I grew up a military brat. While I now realize I was afforded the opportunity to travel and experience different cultures, as I child I didn’t like it. I didn’t like moving every three years. I didn’t like leaving friends behind. I didn’t like living with the instilled fear of losing my horrible orange ID card. I didn’t like the awkwardness of making new friends. I didn’t like change.

One of the only constants in my transient world was my grandparents' house. No matter how much time had elapsed between visits, their home was an unchanging environment. Each visit, I would peek in the bedroom closet; I found great pleasure that everything was still in its proper place. At day’s end, I enjoyed taking a rosewater-scented bubble bath in the old claw-footed tub. Freshly scrubbed, I would climb into bed where the sheets were soft and worn. I would nestle deep under the old bed quilt feeling embraced in love, safe and secure. On most mornings, I was awakened by sunbeams dancing on the wall, accompanied by a concert of singing birds.

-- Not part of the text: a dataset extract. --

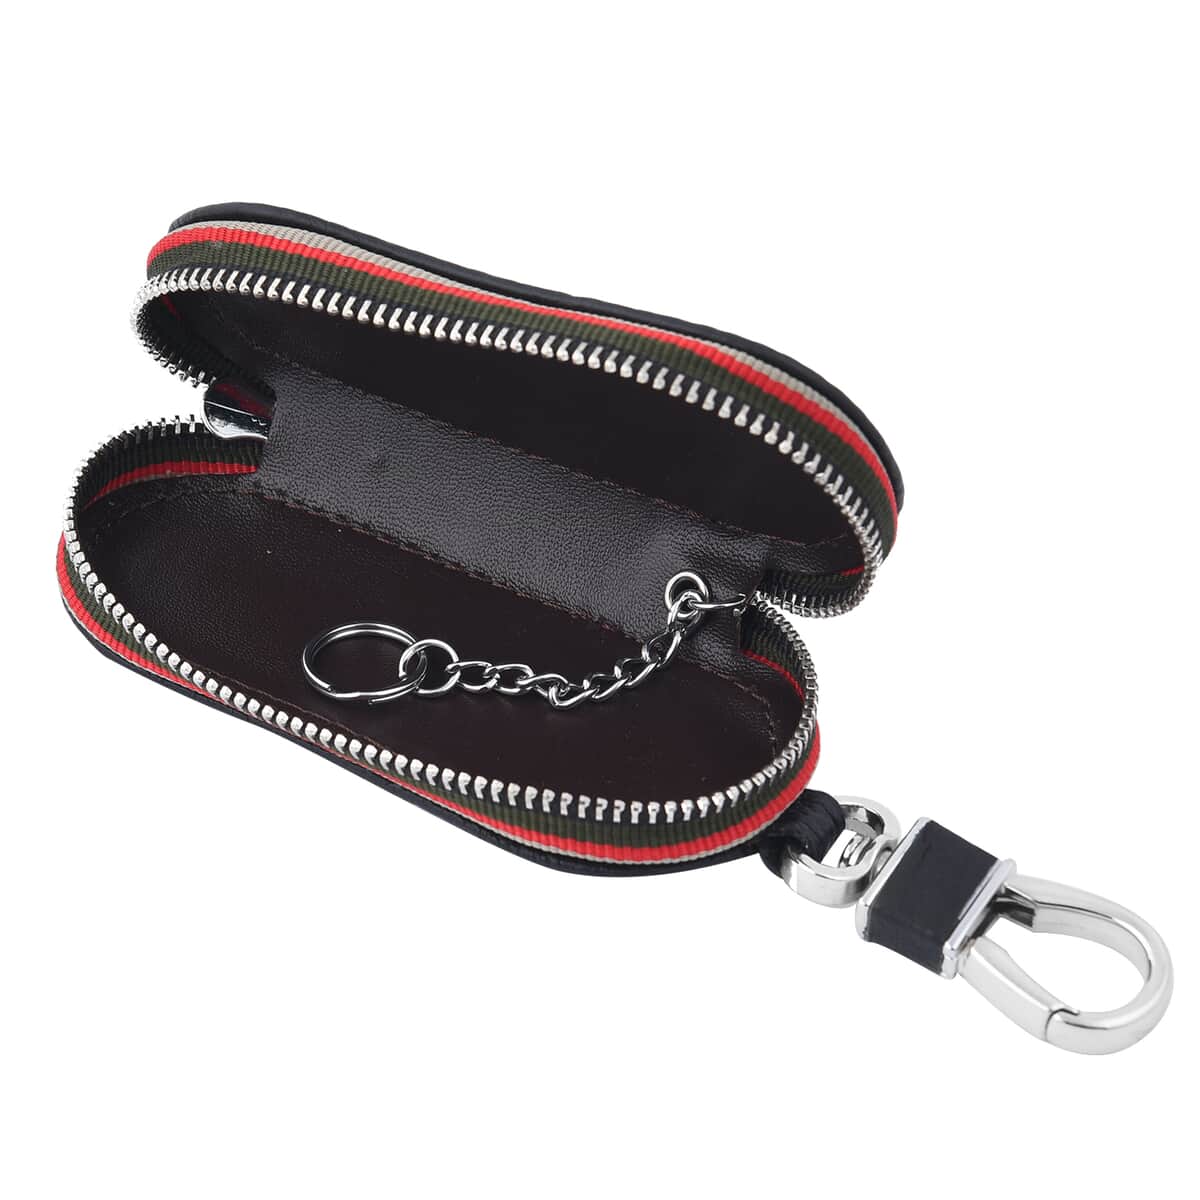 Black Elliptical-Shaped Genuine Leather Bag With Swivel Metallic Snap Hoop Zipper Closure and Key-ring For Car Keys Remote image number 3

I found delight in one particular bird’s song. I couldn’t tell you what kind of bird it was, or really even describe what its song sounded like. But I knew it when I heard it.

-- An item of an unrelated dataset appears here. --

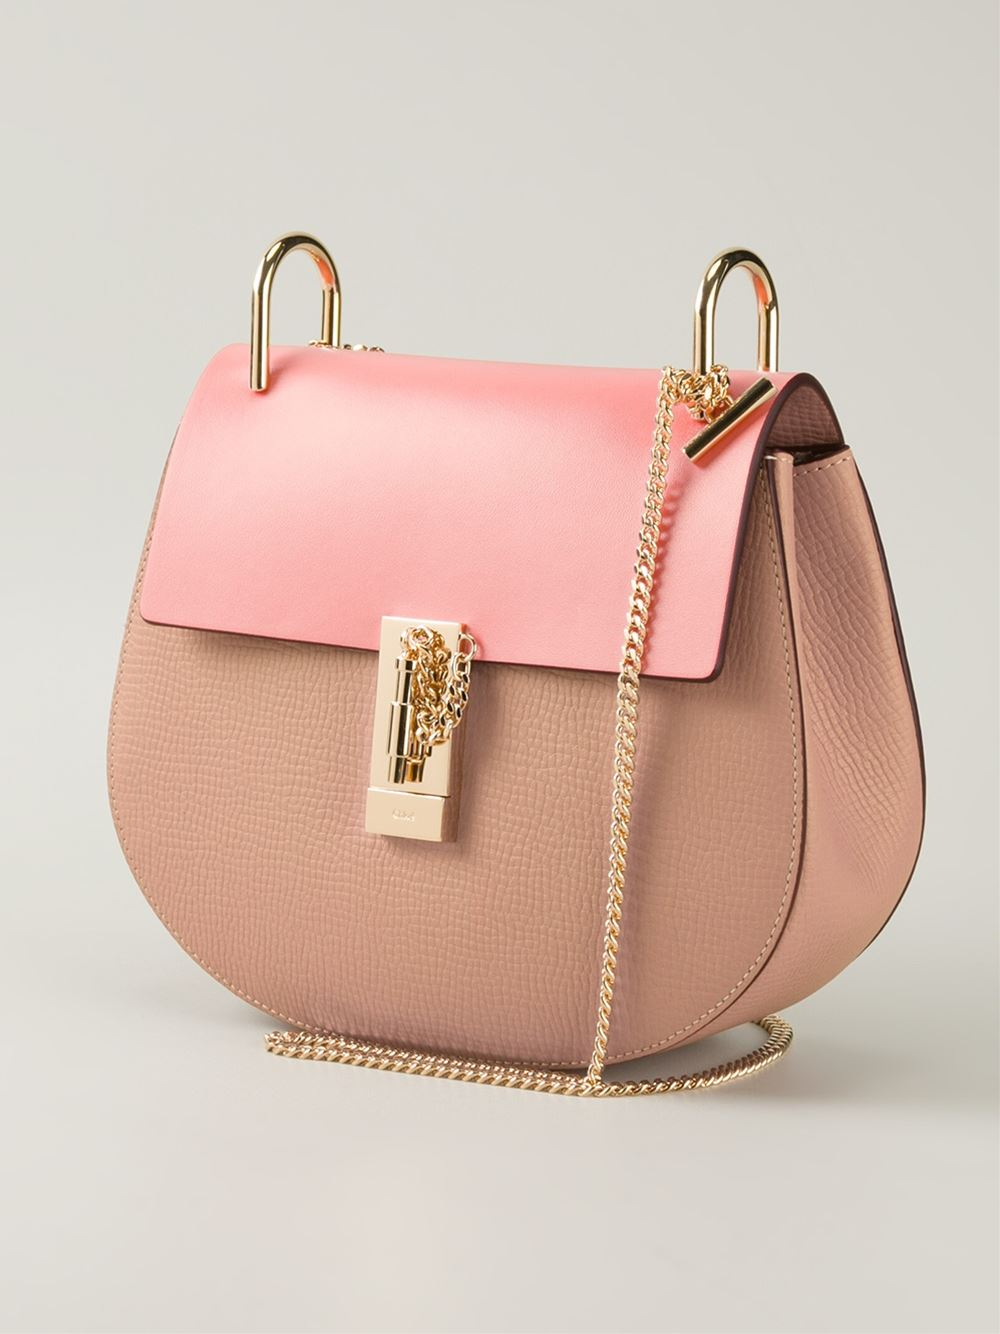 burberry baby bridle bag review

Decades later, I traveled to Washington, DC, on a business trip. It wasn’t my first business trip, but it was the first time I had traveled solo. I was all alone. I commuted alone. I ate alone. I stayed at the hotel alone. And I worked alone in an overheated, stuffy office. One morning, seeking relief from the stale air, I opened the window a few inches to allow the brisk February morning air to enter. For a few moments, I gazed at the scenic view of sunlight glistening on snow-covered trees; then I turned my back and sat down at the computer. I was mindlessly pounding the keys when I heard it. My hands froze in place; I stopped to listen. Surely I was imagining it; after all, any sensible fowl had flown south for the winter. I heard it again and hurried to the window. In the near distance a solitary bird, perched on a snow-covered limb, was singing loudly. My favorite songbird from childhood had appeared and was singing my favorite bird song! Unexpected tears gathered in my eyes as memories transported me back in time to the sunlit bedroom at my grandparents' house. Immediately, I felt as if I was wrapped in an old heavy quilt, blanketed in familiar warmth. I no longer felt alone and isolated, but embraced by a steadfast sense of God’s love. I listened to the bird, longing for it to come closer so I could get a better look and finally identify it. But it flew away.

I got in the habit of pausing to listen whenever I hear a bird sing, hoping to hear a familiar song. Occasionally I do and I am delighted. One morning, when I stopped to listen, God whispered that I needed to listen for His voice like I do for the bird’s song. That morning, I changed my routine. Now I make time to be still and quiet. I listen intentionally.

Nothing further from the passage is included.